» Task prompt
Could you print the listing again exactly, omitting the pictures?

» Collected material

▽

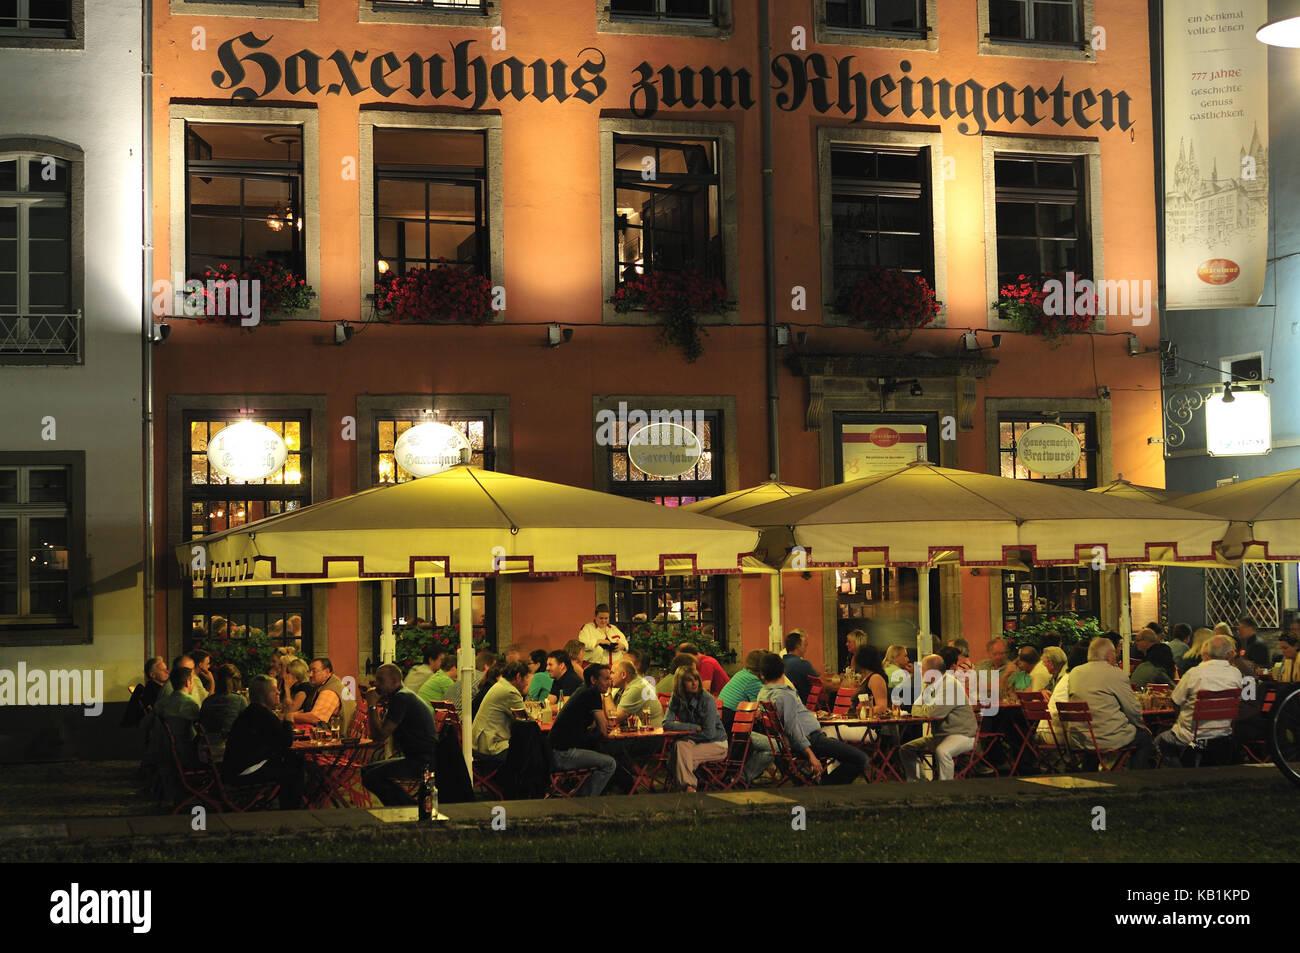 Garden Restaurants Stock Photos & Garden Restaurants Stock Images ...
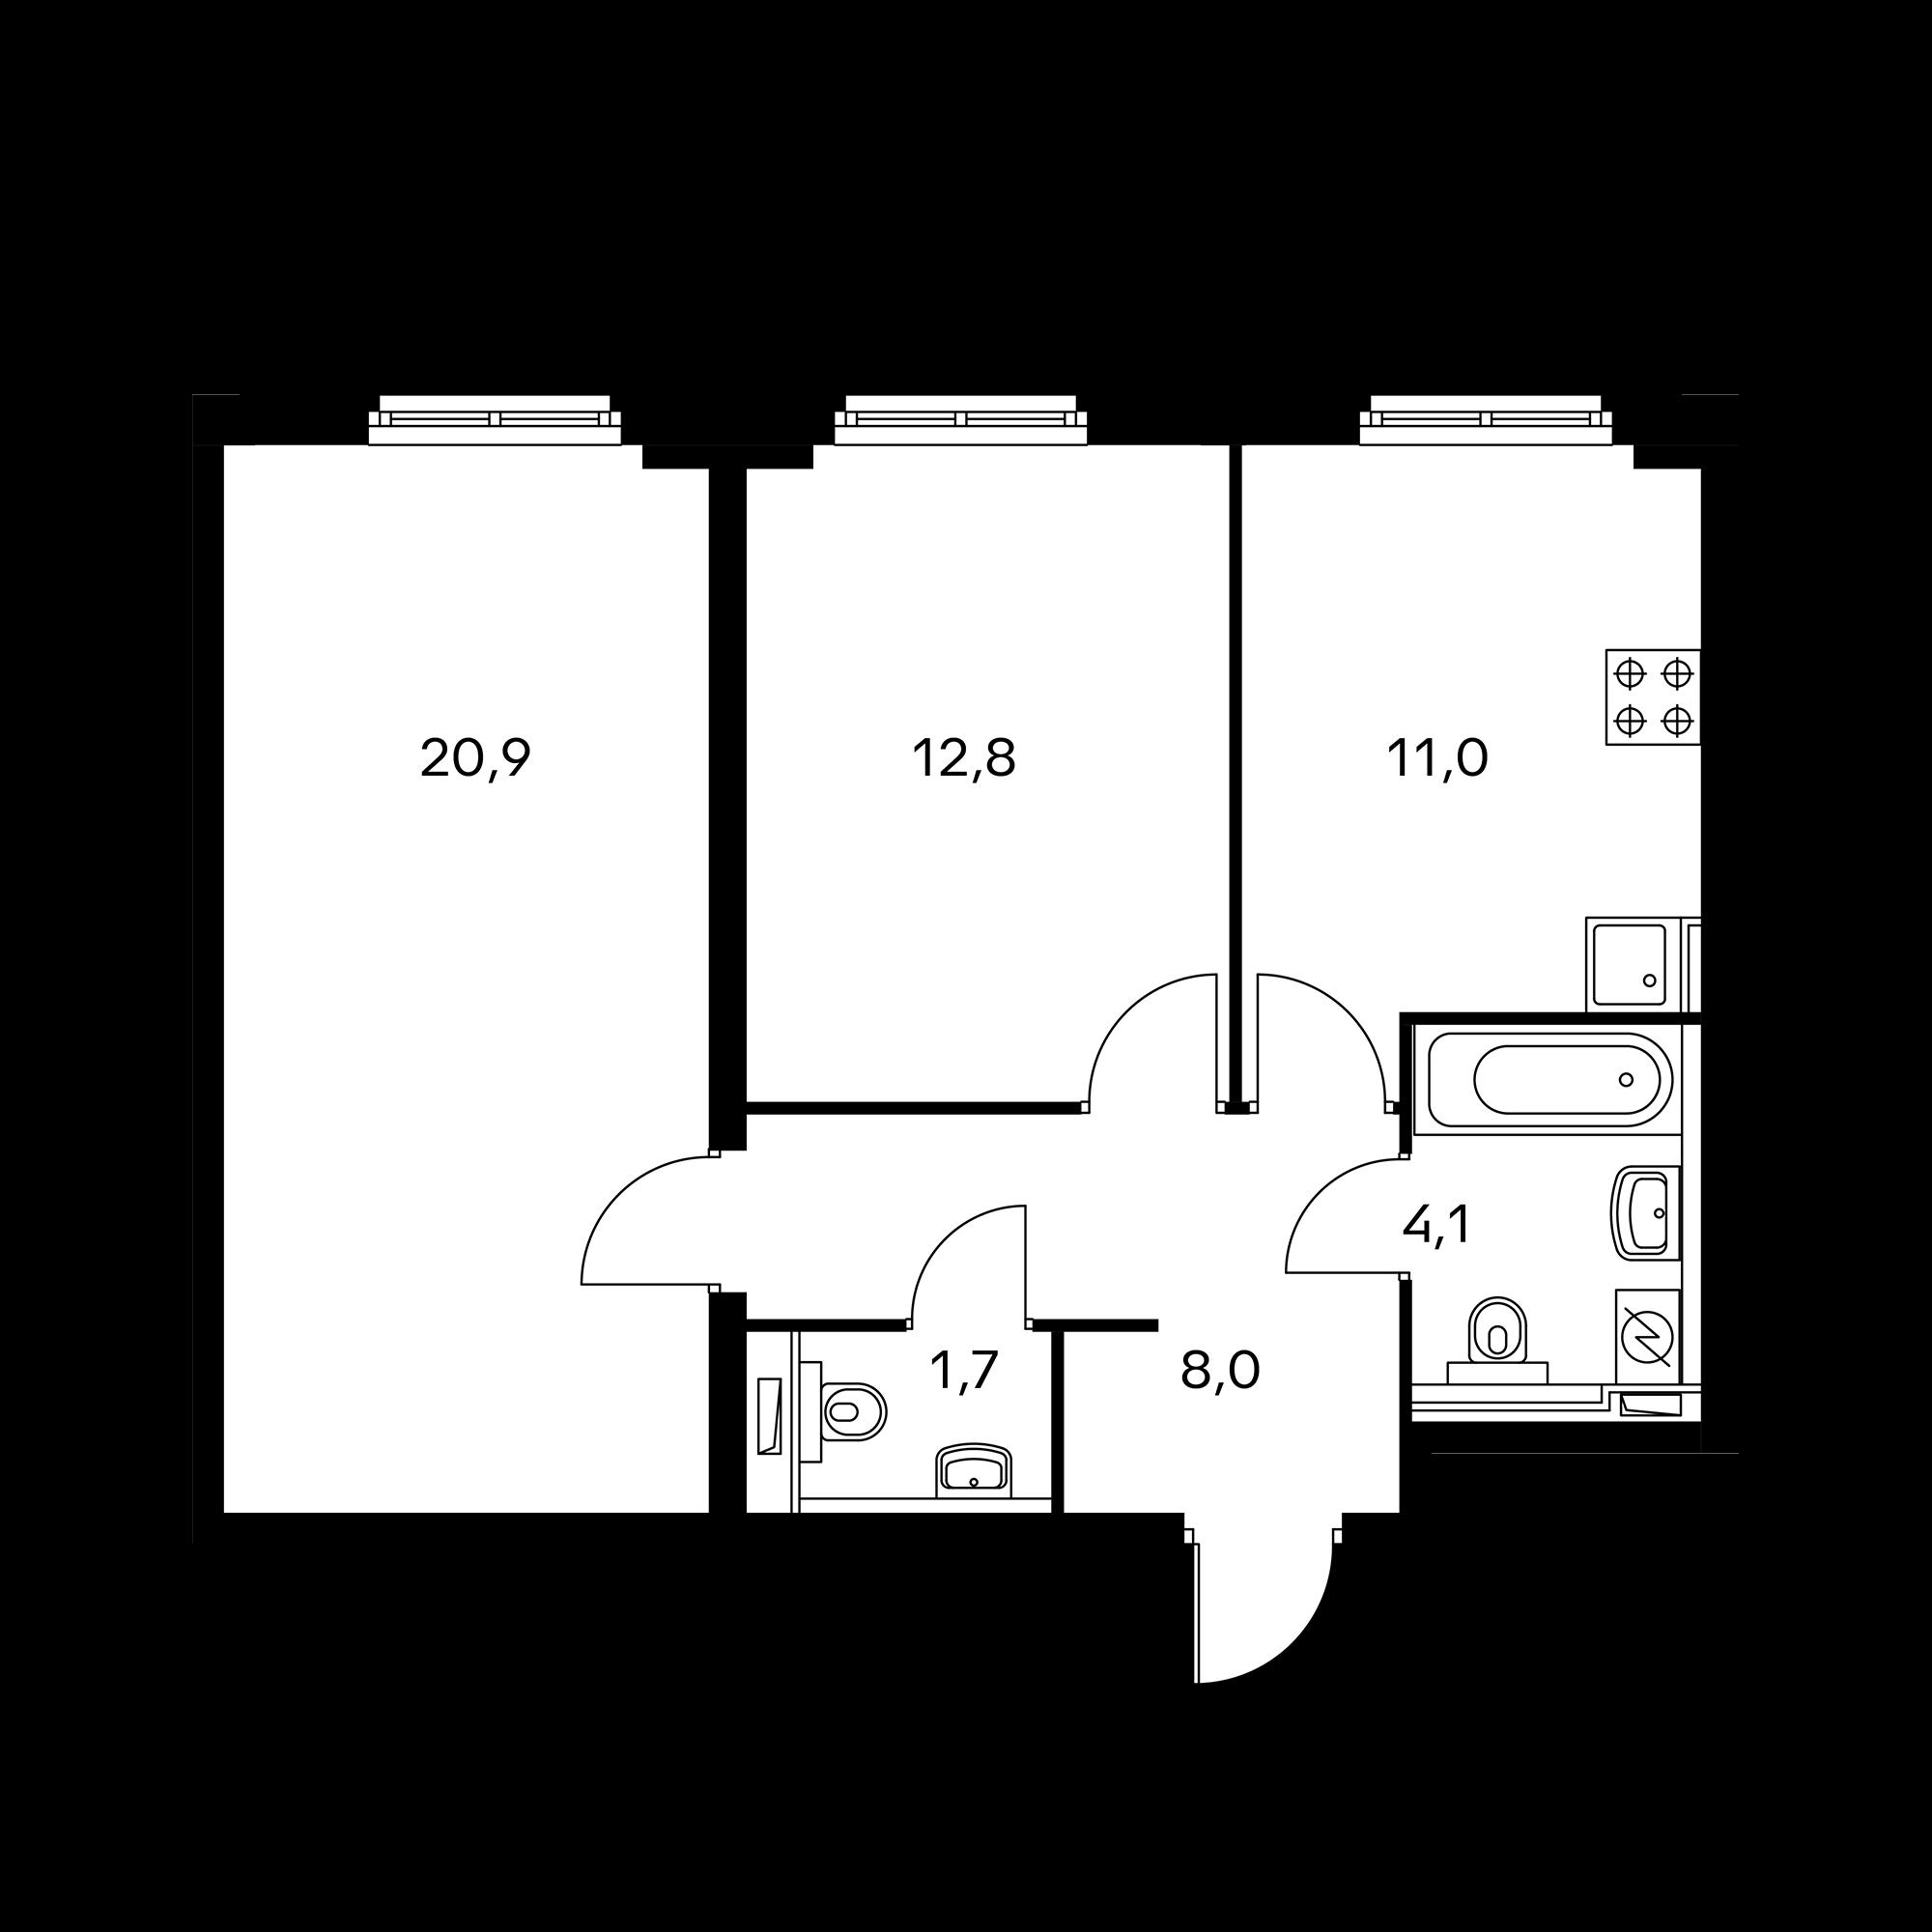 2KM6-9.6-1_S_A
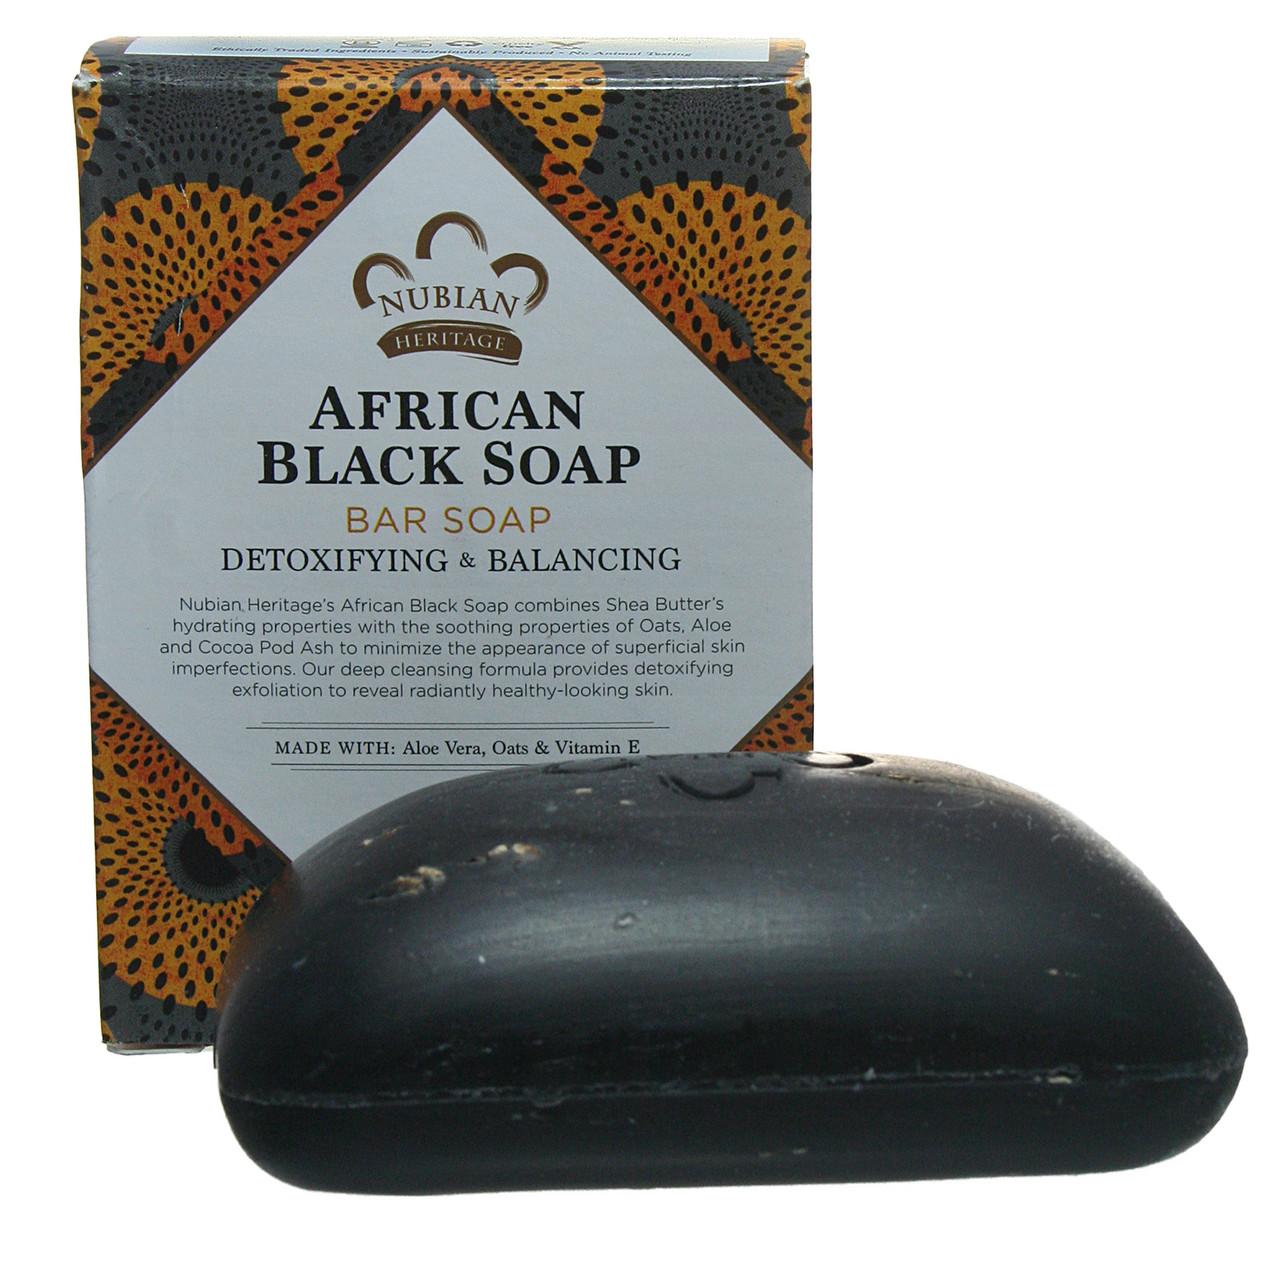 Африканское чёрное мыло Нубийское Наследие,  Nubian Herritage, 140 г

△

» Exercise response
 Garden Restaurants Stock Photos & Garden Restaurants Stock Images ...
 2KM6-9.6-1_S_A
 Африканское чёрное мыло Нубийское Наследие,  Nubian Herritage, 140 г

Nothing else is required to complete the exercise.